Below the storage tank 6 is provided an “ON”-“OFF” type grain detection sensor 6 a that detects the presence or absence of a grain.
When the grain detection sensor 6a is "ON", the movable transfer cylinder 10 of the grain transfer / discharge cylinder device 8 is not completely moved and controlled in the housed state.

  Thereby, when there is a grain in the storage tank 6, the movement transfer cylinder 10 is not completely moved and controlled in the housed state, so that the remaining kernel in the grain transfer / discharge cylinder device 8 may be compressed. This eliminates the possibility that the grain transfer / discharge cylinder device 8 will be damaged.

  An “ON”-“OFF” type limit switch 8b is provided in the middle portion of the fixed transfer cylinder 9 of the grain transfer / discharge cylinder device 8 and is used for movement when the grain detection sensor 6a is “ON”. When the transfer cylinder 10 is automatically stored and moved, the movement control is performed until the limit switch 8b is turned on so that the transfer cylinder 10 for movement is not completely stored. Alternatively, a timer is provided, and the movement control is performed with the timer until the transfer cylinder 10 is moved to a position of about half.

  Thereby, when there is a grain in the storage tank 6, even if the transfer cylinder 10 for movement is automatically stored, even if there is a residual grain by controlling so as not to contract completely, It is possible to prevent the grain transfer / discharge cylinder device 8 from being damaged without being compressed.

  The timer 19e provided in the operation device 19 detects the "on" time of the discharge clutch lever 19d, and from the set discharge time, the "on" time of the discharge clutch lever 19d is detected to be short. Sometimes, the transfer cylinder 10 for movement is not automatically controlled to be completely contracted.

Thereby, even when there is a residual grain, the grain is not compressed and the grain transfer / discharge cylinder device 8 can be prevented from being damaged.
An “ON”-“OFF” type limit switch 8 b is provided in the middle portion of the fixing transfer cylinder 9, the discharge time is set in advance, and the timer 19 e of the operating device 19 “in” the discharge clutch lever 19 d. When the time is detected and it is detected that it is shorter than the set time for discharge, when the transfer cylinder 10 is moved to the automatic contracted state, the limit switch is in a state where the transfer cylinder 10 is not completely stored. This transfer cylinder 10 is controlled to be stored until 8b is controlled to be “ON”. Further, the movement transfer cylinder 10 is controlled to be approximately half stored by the timer 19e.

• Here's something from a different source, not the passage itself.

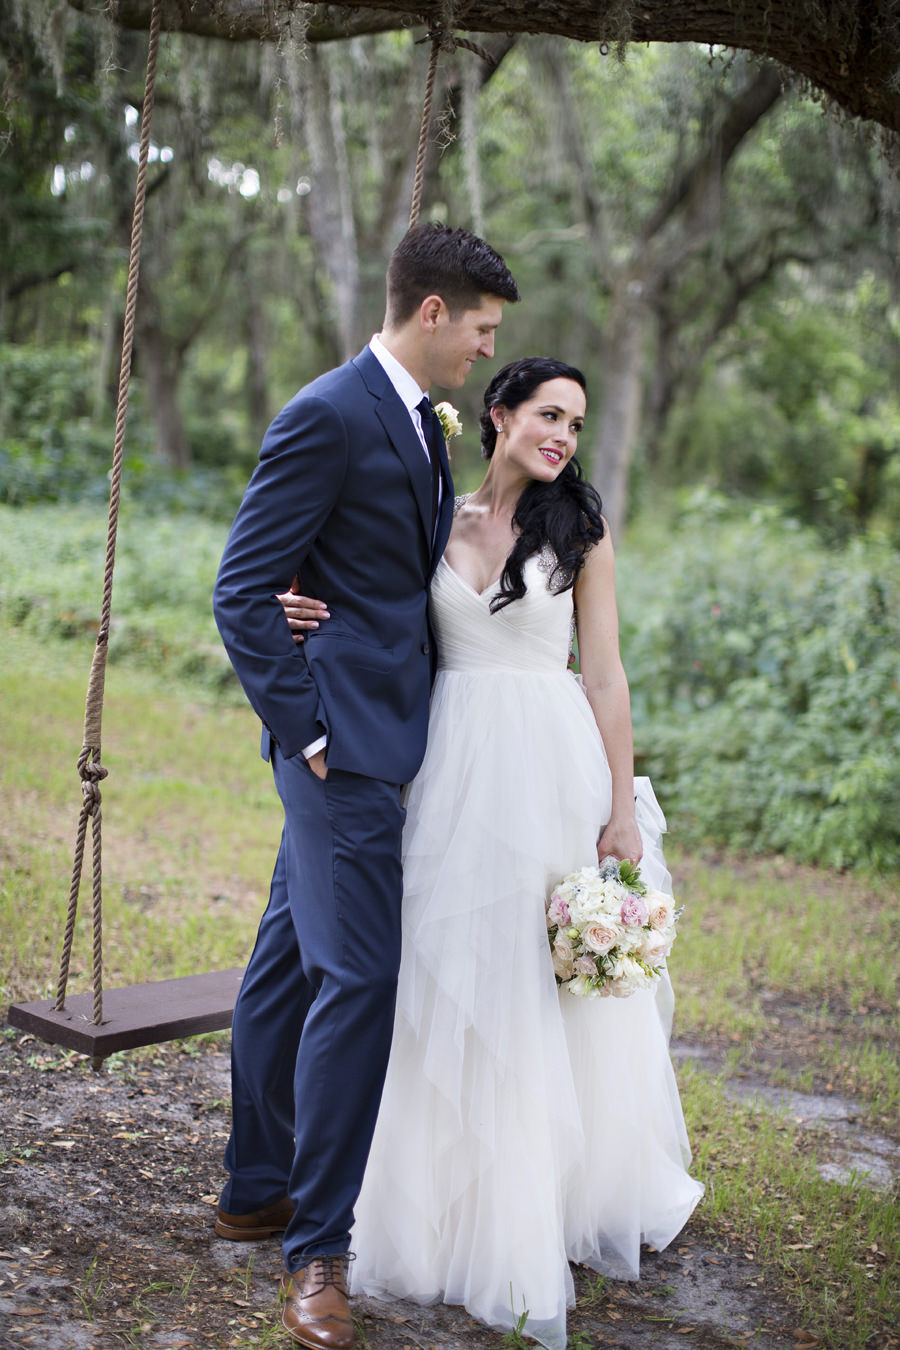 Outdoor Bride and Groom Wedding Portrait with Rustic Tree Swing | Tampa Bay Wedding Venue Cross Creek Ranch | Wedding Photographer Djamel Photography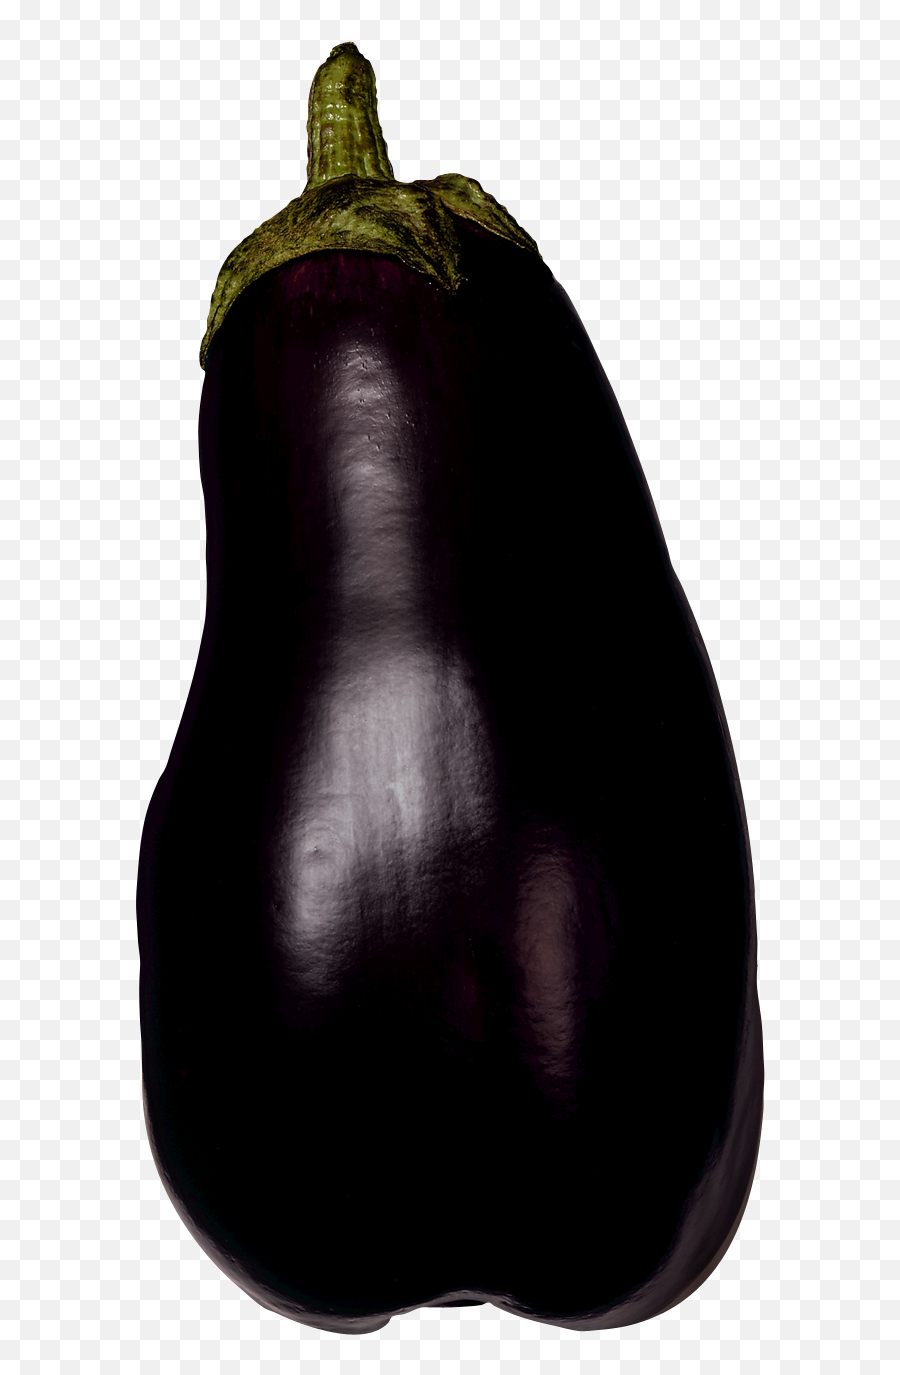 Eggplant Png Images Free Download - Eggplant,Eggplant Transparent

Thereby, the grain in the said grain transfer discharge cylinder apparatus 8 is not compressed, and damage to this grain transfer discharge cylinder apparatus 8 can be prevented.
In FIG. 16 and FIG. 17, between the front chamber plate 37 a forming the threshing chamber 37 of the threshing device 5, the rear chamber plate 37 b, and between the front chamber plate 37 a and the rear chamber plate 37 b. As shown, a handle cylinder 38 having a large number of types of handle teeth 38a is rotatably supported.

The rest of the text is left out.